Raw data.
=== Begin Enclosure ===
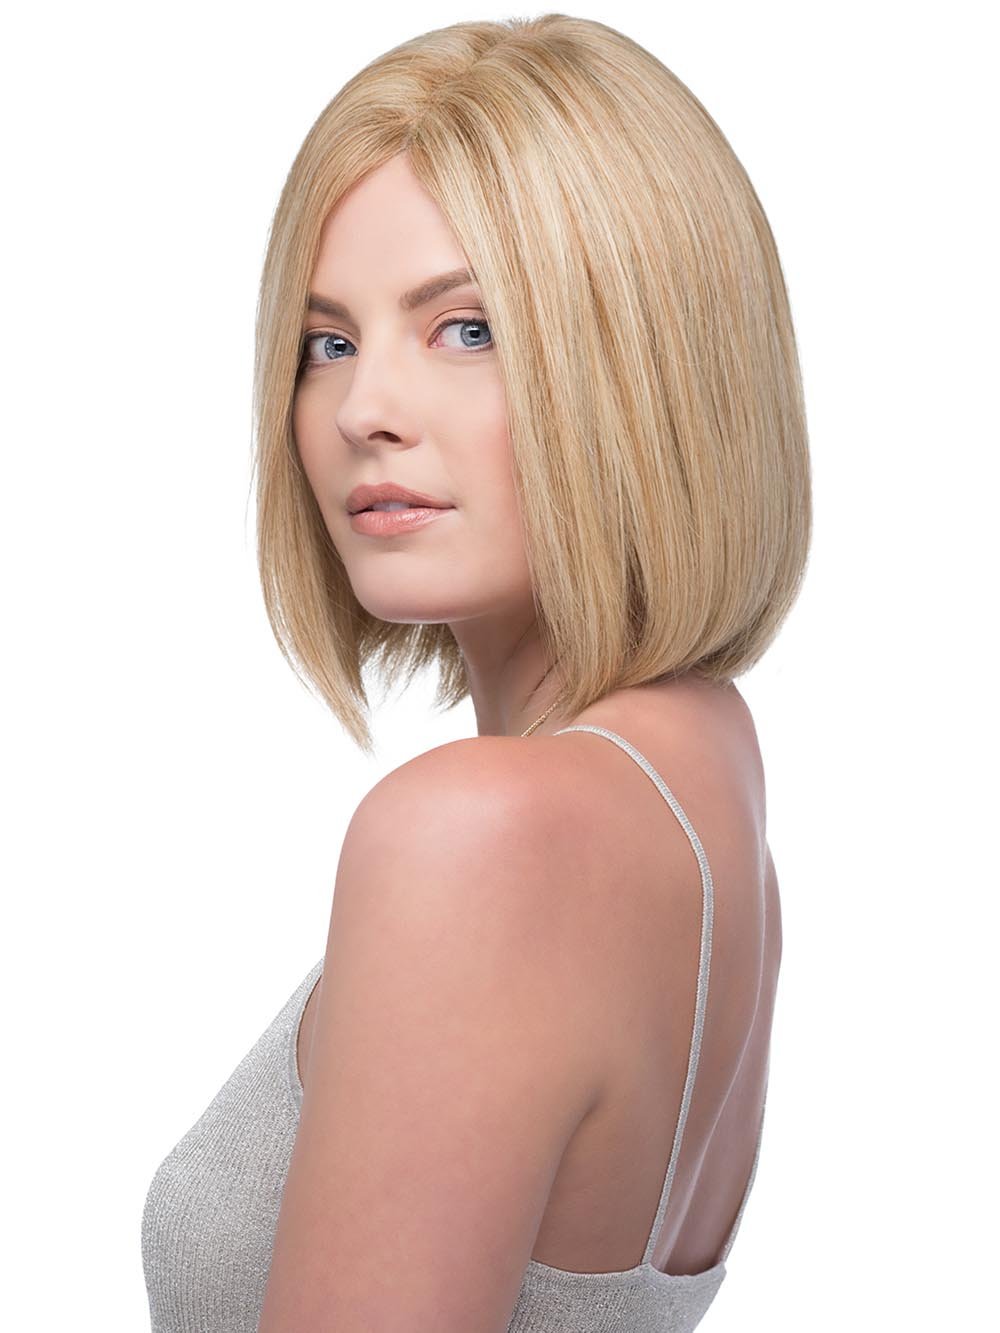 Is a classic bob style that also features a monofilament top and hand-tied back
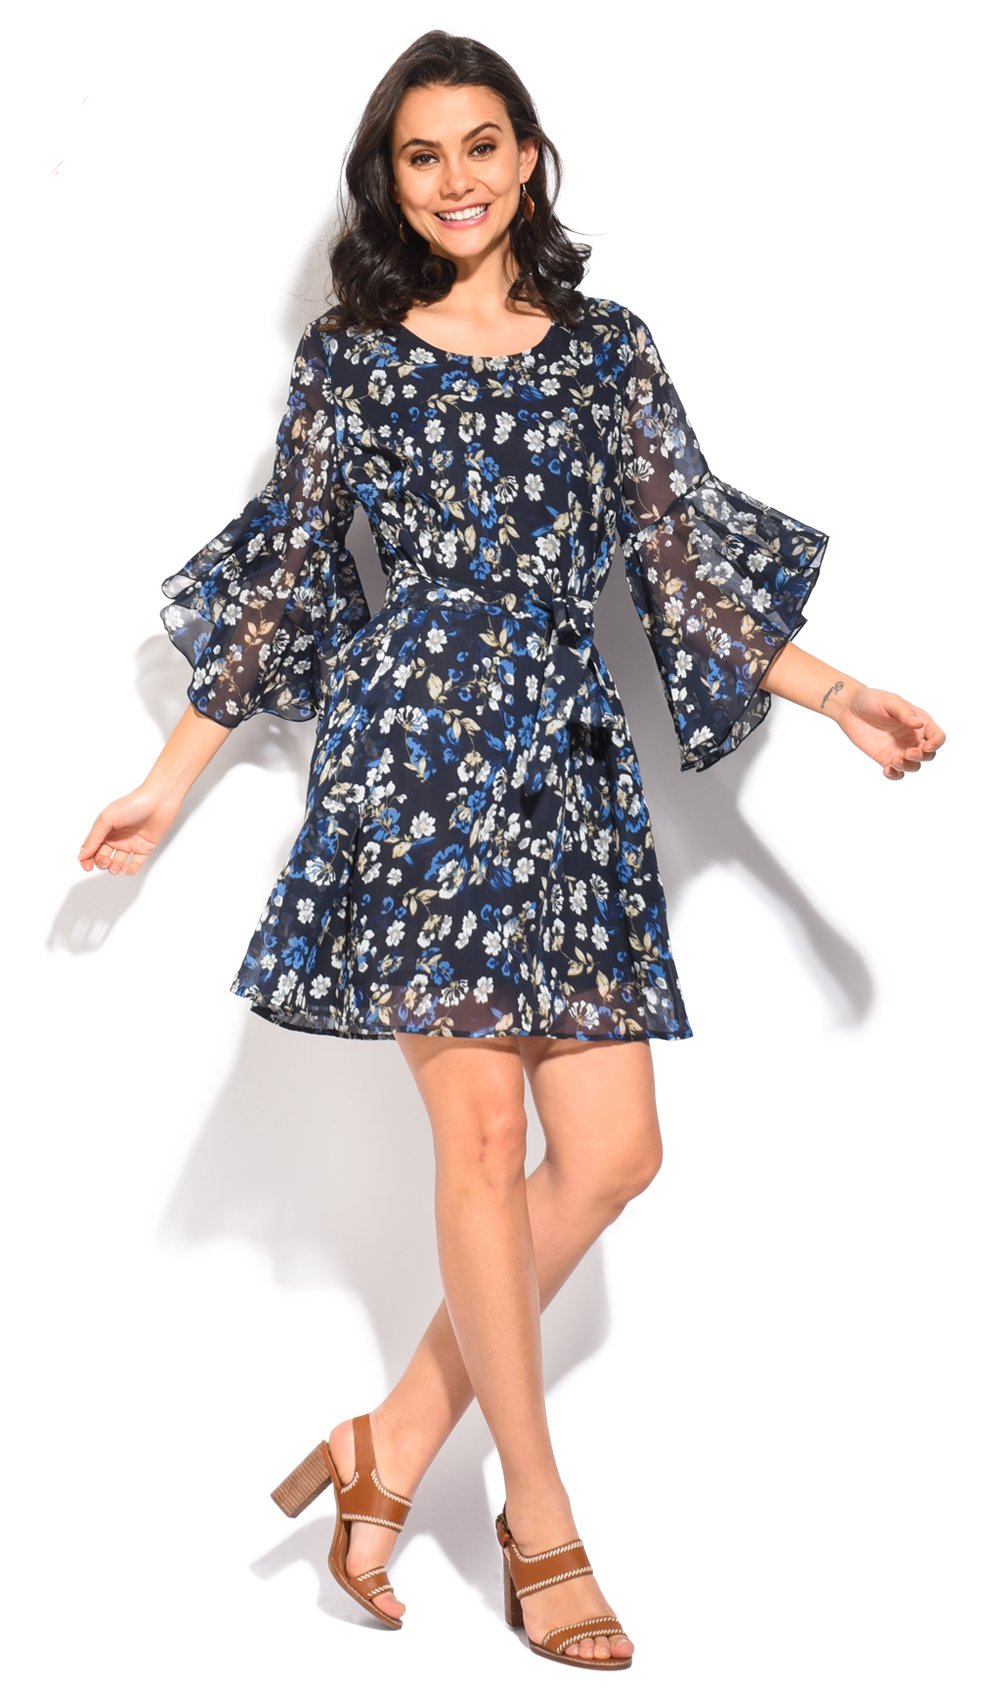 SHORT TRANSPARENT DRESS WITH LIBERTY PRINT AND HALF RUFFLED SLEEVES
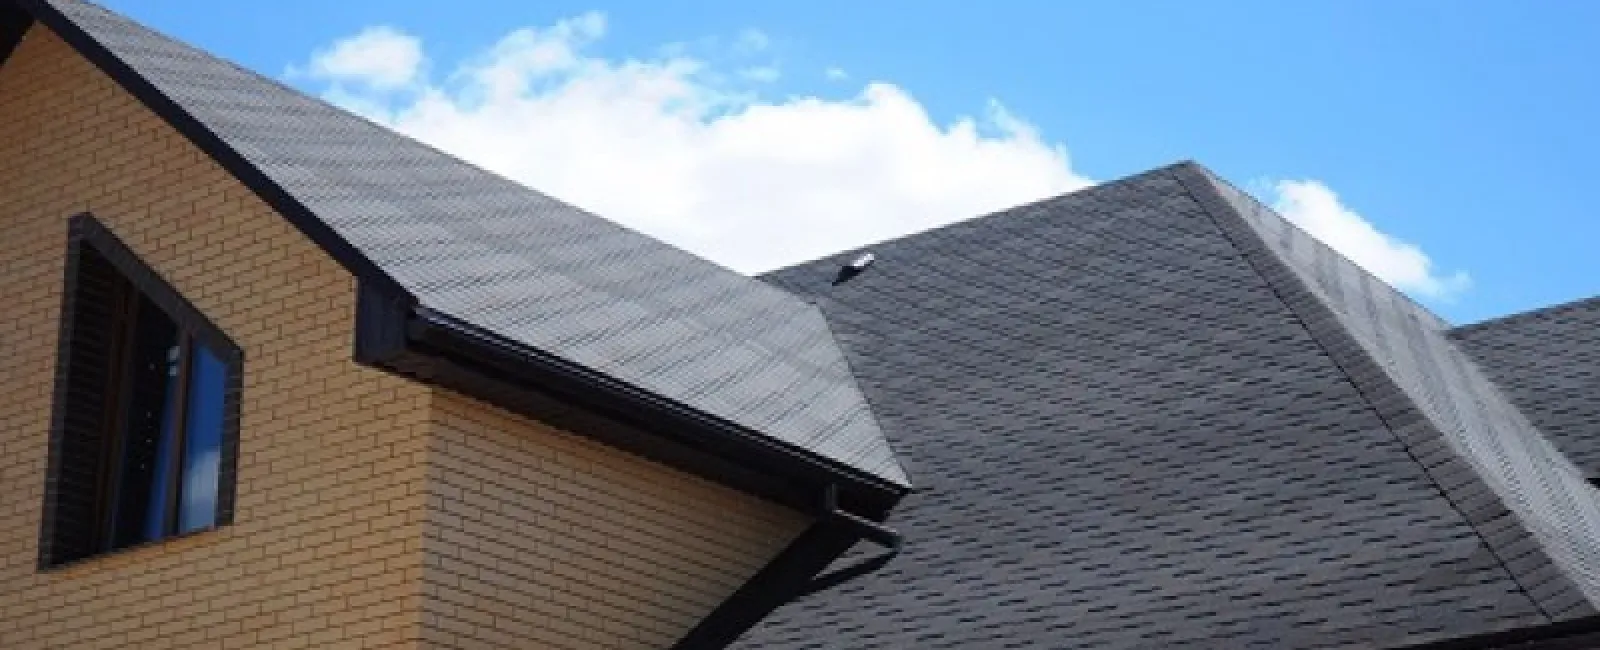 Tips to Protect Your Roof in the Summer
=== End Enclosure ===
Work instructions. Output everything in the material exactly. Pictures stay out of it.

Task output.
 Is a classic bob style that also features a monofilament top and hand-tied back
 SHORT TRANSPARENT DRESS WITH LIBERTY PRINT AND HALF RUFFLED SLEEVES
 Tips to Protect Your Roof in the Summer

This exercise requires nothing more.